Other than vague,  facile notions of upholding the so-called integrity of democracy (honestly said or not),   I have yet to see one credible argument against the option of having another referendum.    The legitimacy for one would be easily justified by the truly exceptional circumstances of this government's horrendous failure to deliver on the result of the last referendum.     People did not possess sufficient information to deliver an informed choice and they did not vote on the basis of the negotiations and legislation being managed so incompetently.

 

Choosing to ignore all of the exceptional circumstances and choosing to portray the referendum as a properly informed and legitimate process is deeply dishonest.      Only peddled by people who fear a different outcome.      It's corrupt logic to oppress common sense.

 

The problem that exist at the moment is you would have a referendum on something that’s not yet been agreed between the two parties (UK & EU) at present the deal that’s got everyone in an uproar is only the transition deal all be it there may be aspects that could be tweaked like a definitive end date especially to the back stop. It is not the final deal.

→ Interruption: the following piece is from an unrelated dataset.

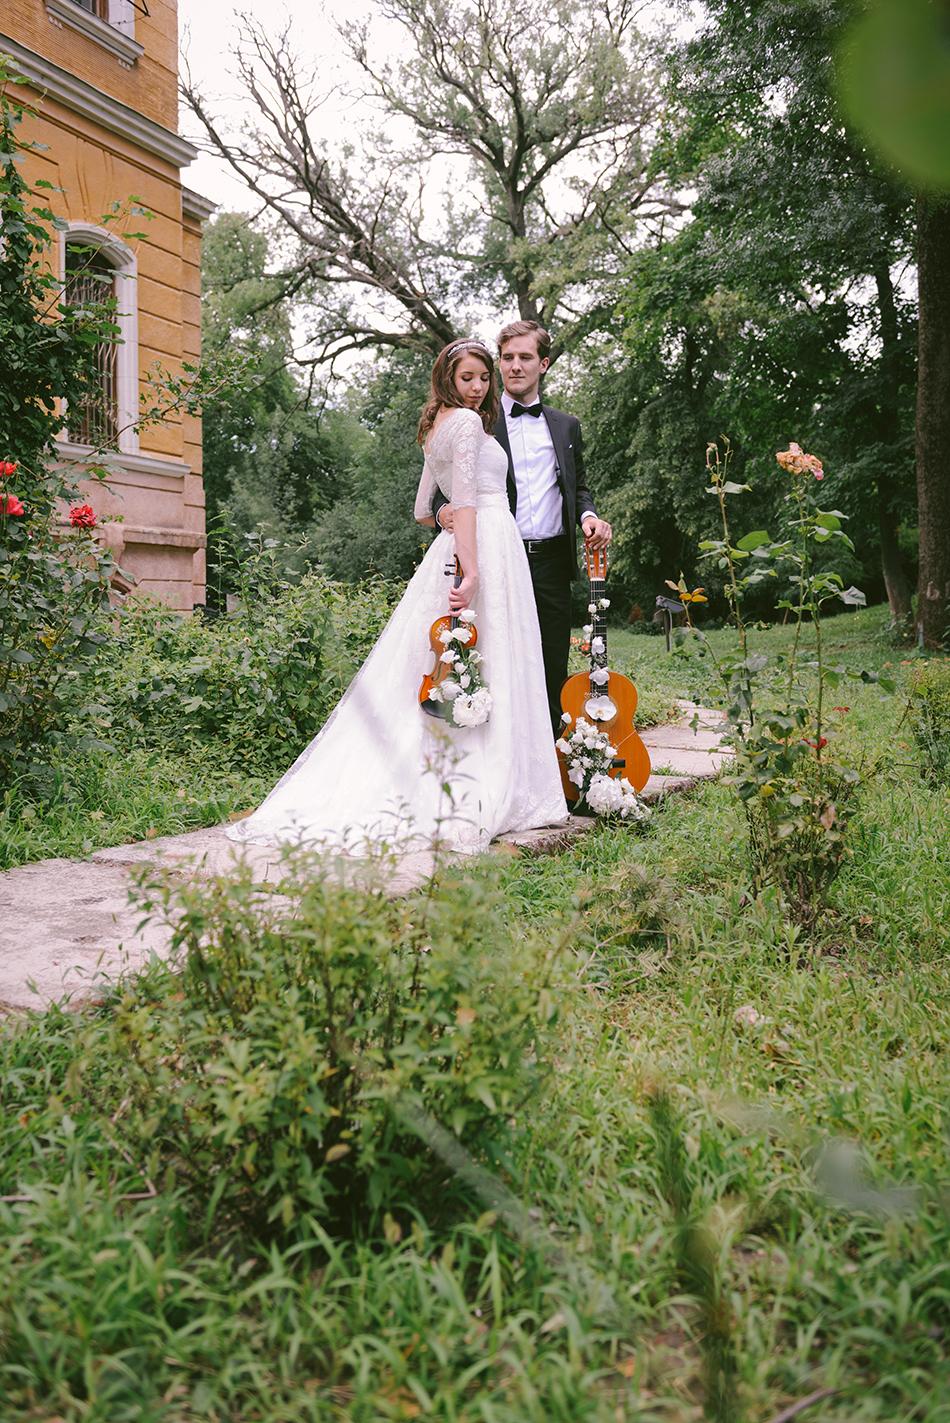 AD Passion Photography | sami-ela-lela-nunta-domeniu-lupas-arad_0042 | Adelin, Dida, fotograf profesionist, fotograf de nunta, fotografie de nunta, fotograf Timisoara, fotograf Craiova, fotograf Bucuresti, fotograf Arad, nunta Timisoara, nunta Arad, nunta Bucuresti, nunta Craiova

So how do you couch the question? 

Ask if the transition deal is acceptable.

ask if this transition deal needs tweaking.

ask if we leave with no deal.

ask if we stay in in retract article 50. Can we? 

ask if we wait and see the final deal, what ever that is and vote on that one. 

 

The other thing I picked up on today was that people (MPs and corespondents) were protesting against it the despite not having read or grasped the whole 500+ pages.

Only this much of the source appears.